As the train approached Richmond and my last stop of the day, I thought again about Russ’s visit to the Old Town Hall there on 22nd November 1999 for a reading from Angelica’s Grotto. I remember the precise date because I bought a copy of the book and he signed it for me TO RICHARD COOPER, BEST WISHES FROM RUSS HOBAN 22-11-99. It was the first time I’d met him and I’m glad it wasn’t the last. Criminally, there weren’t many people at the reading, but I was there with my dad, a big fan of The Medusa Frequency via the writings on mythology by Jung and Joseph Campbell, and two friends who were also admirers. I felt a bit inferior to them at the time because they’d read Riddley Walker and I hadn’t, but I made up for this transgression fairly quickly after the reading. Russ was dressed all in black except for a multi-coloured knitted waistcoat. It was very funny to see him, a short man of seventy-three with a small beard and no moustache, standing at the lectern and reading with a perfect deadpan expression the description of Harold Klein from the first page, “He was a small man of seventy-two with a small beard, no moustache”. He read the first few chapters and then excerpts from later chapters, prior to taking questions from the audience. Before he did this he swapped his reading glasses for his lissening glasses, a pair with tiny microphones attached to the arms. He talked about his writing technique of “constantly returning to page one”, which we agreed later must have required the patience of a saint.
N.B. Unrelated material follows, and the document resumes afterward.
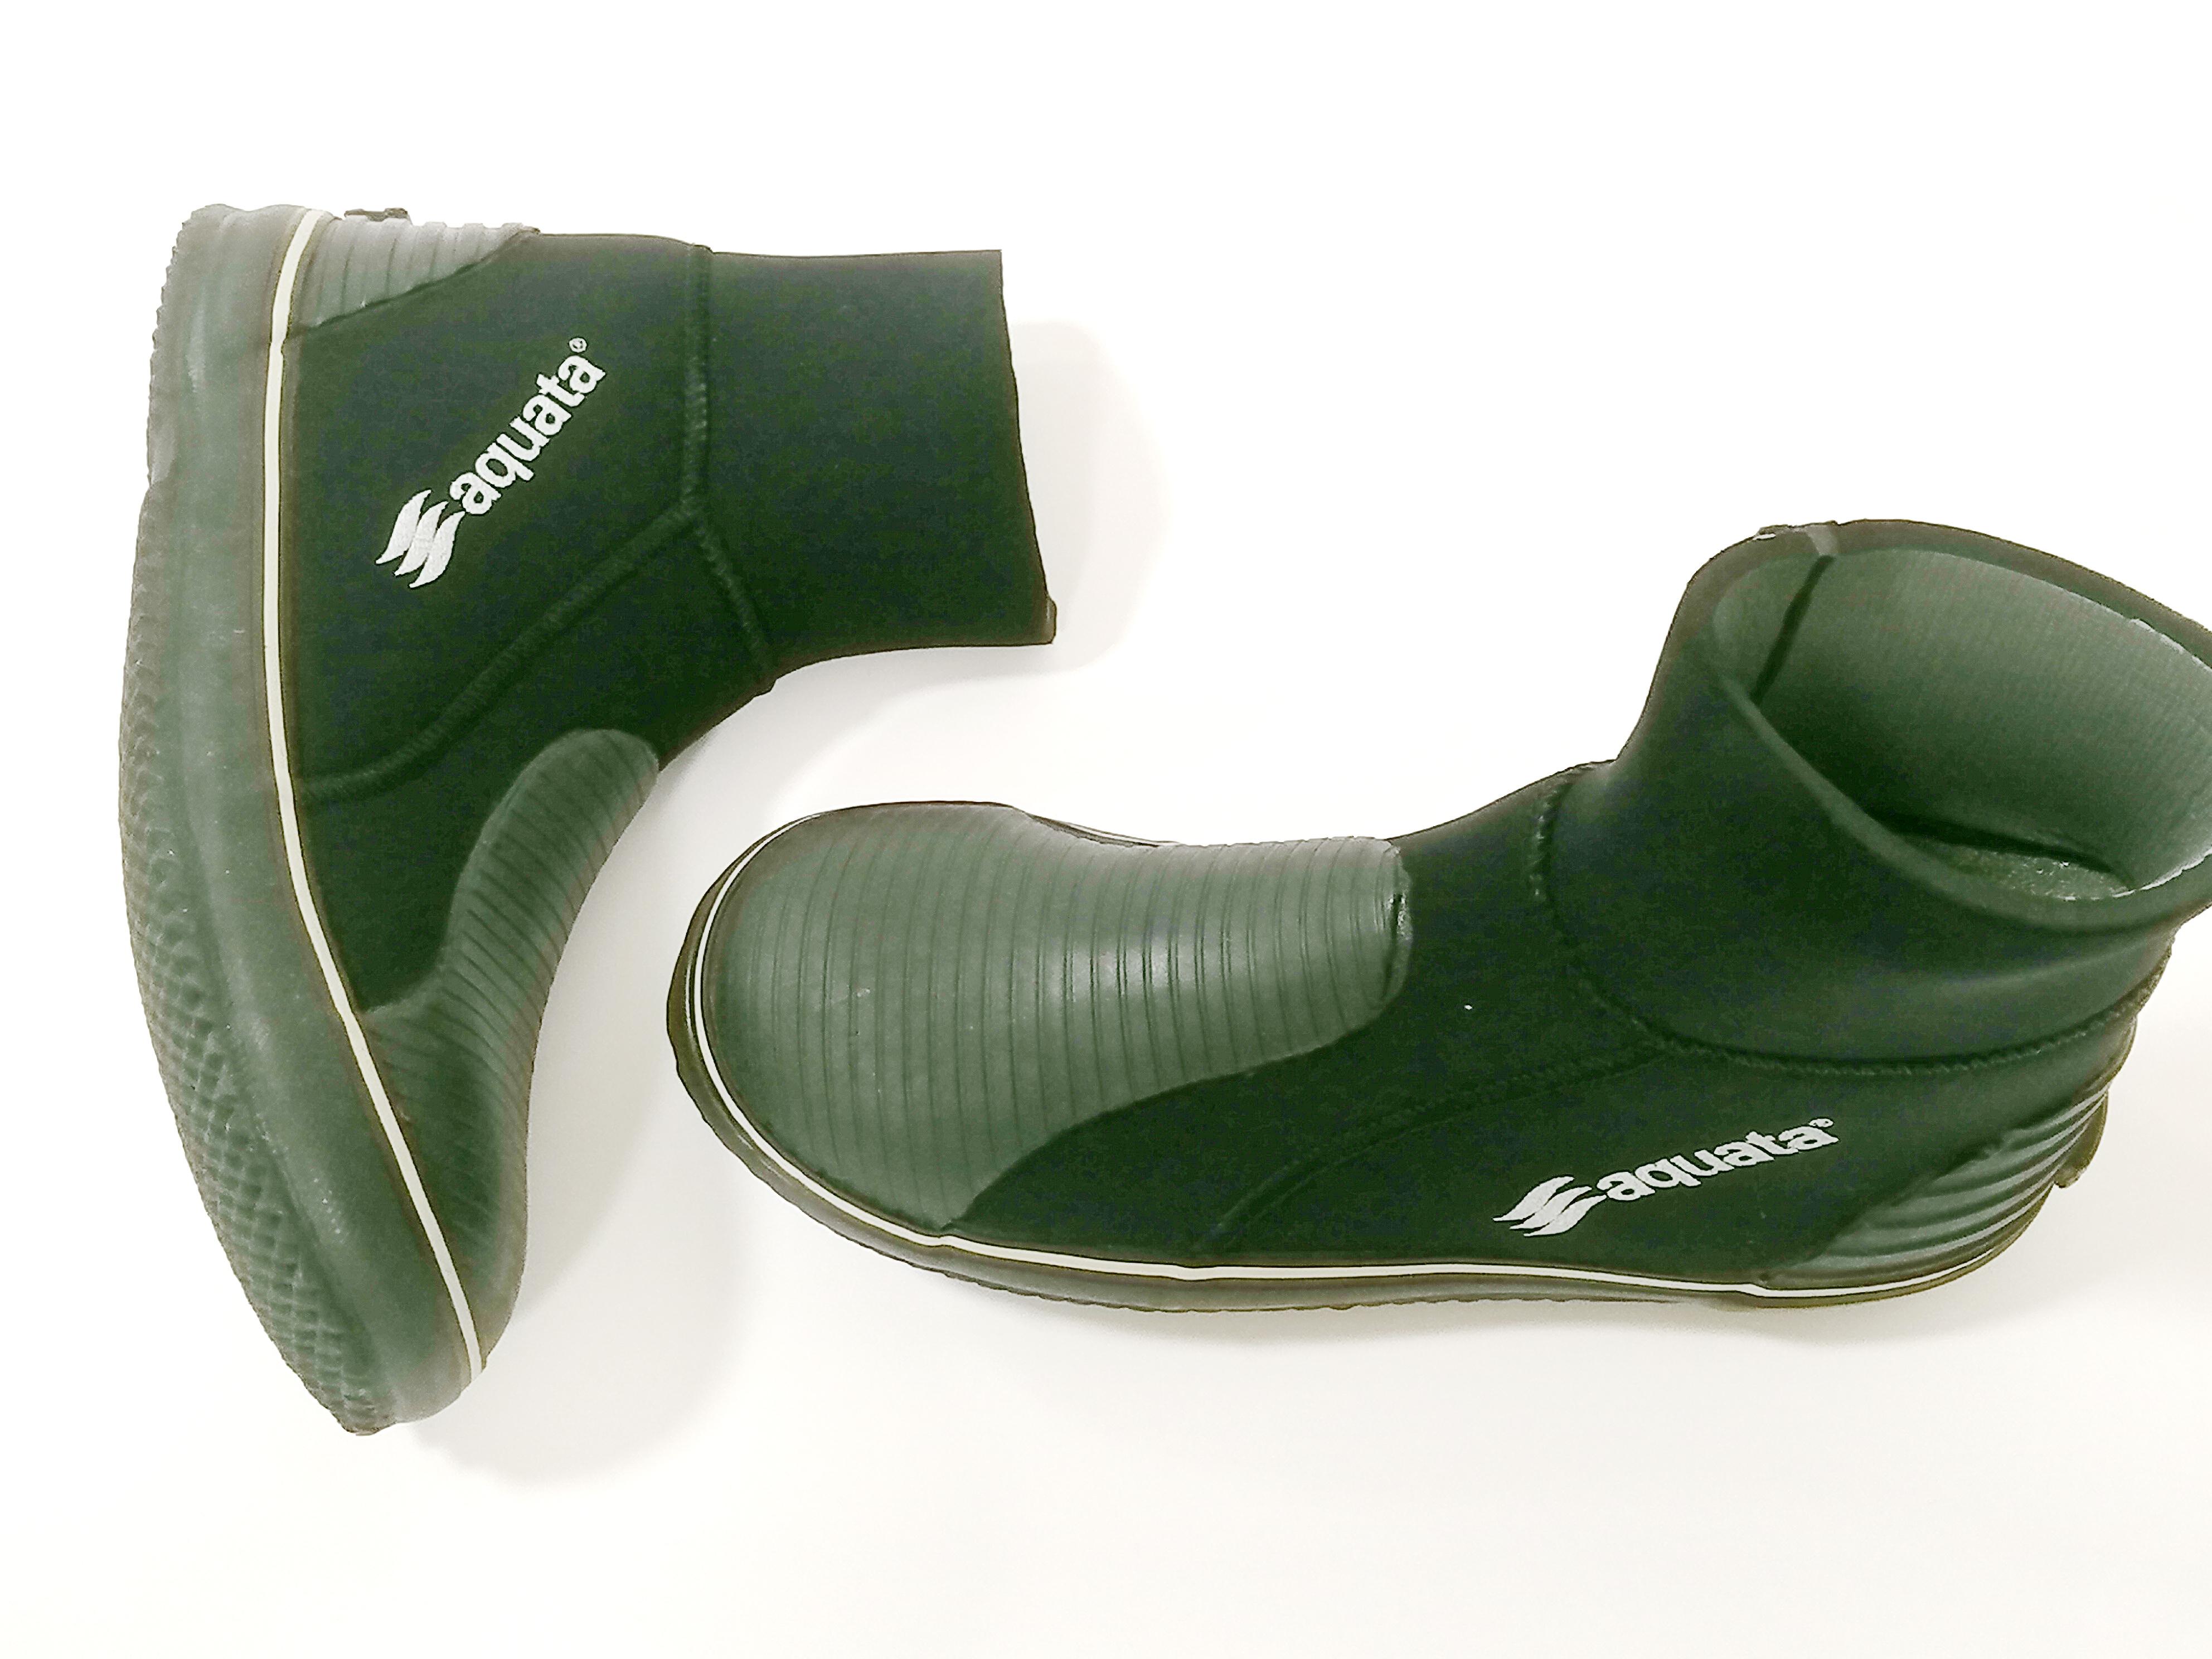 Taucherschuh , 5mm Neopren Schuh ,Tauch Schuh mit Manschette

I asked him how he knew when one of his ideas was going to become a novel: “If I can write fifty pages, I see if I can take it up to a hundred pages,” he said, “and then I see if I can take that up to a hundred and fifty pages and so on.” It sounded a wonderfully simple technique for books of such “controlled complexity”. One of my friends asked him quite a lot of questions, among them “Do you feel deracinated when you’re not writing?” to which Russ replied, “When I’m not writing, I simply feel ill.” This got a big laugh and the question and answer session was rapidly terminated by the host from Richmond Council’s arts department who said, “I think considering that Russell does, as he says, share several of Harold Klein’s infirmities, we ought to give him a rest. Thank you very much.”

The train drew in at Richmond and I prepared myself for the last haul, a ten minute walk home. Before I alighted I dropped the last quote of the day on a seat by the door:


Outside Richmond Station a bus was just about to depart but I didn’t have the energy to make a run for it. I staggered down the high street, past the Old Town Hall and over Richmond Bridge, dreaming of another glass of wine and a hot bath the way men who’ve been crawling across the desert fantasise about a glass of water. And when I finally got home, I found, stacked against the front door in what could be described as either Jungian synchronicity or a Pythonesque joke, four copies of nothing less than the new edition of... the Yellow Pages.

No, really.


That's all folks!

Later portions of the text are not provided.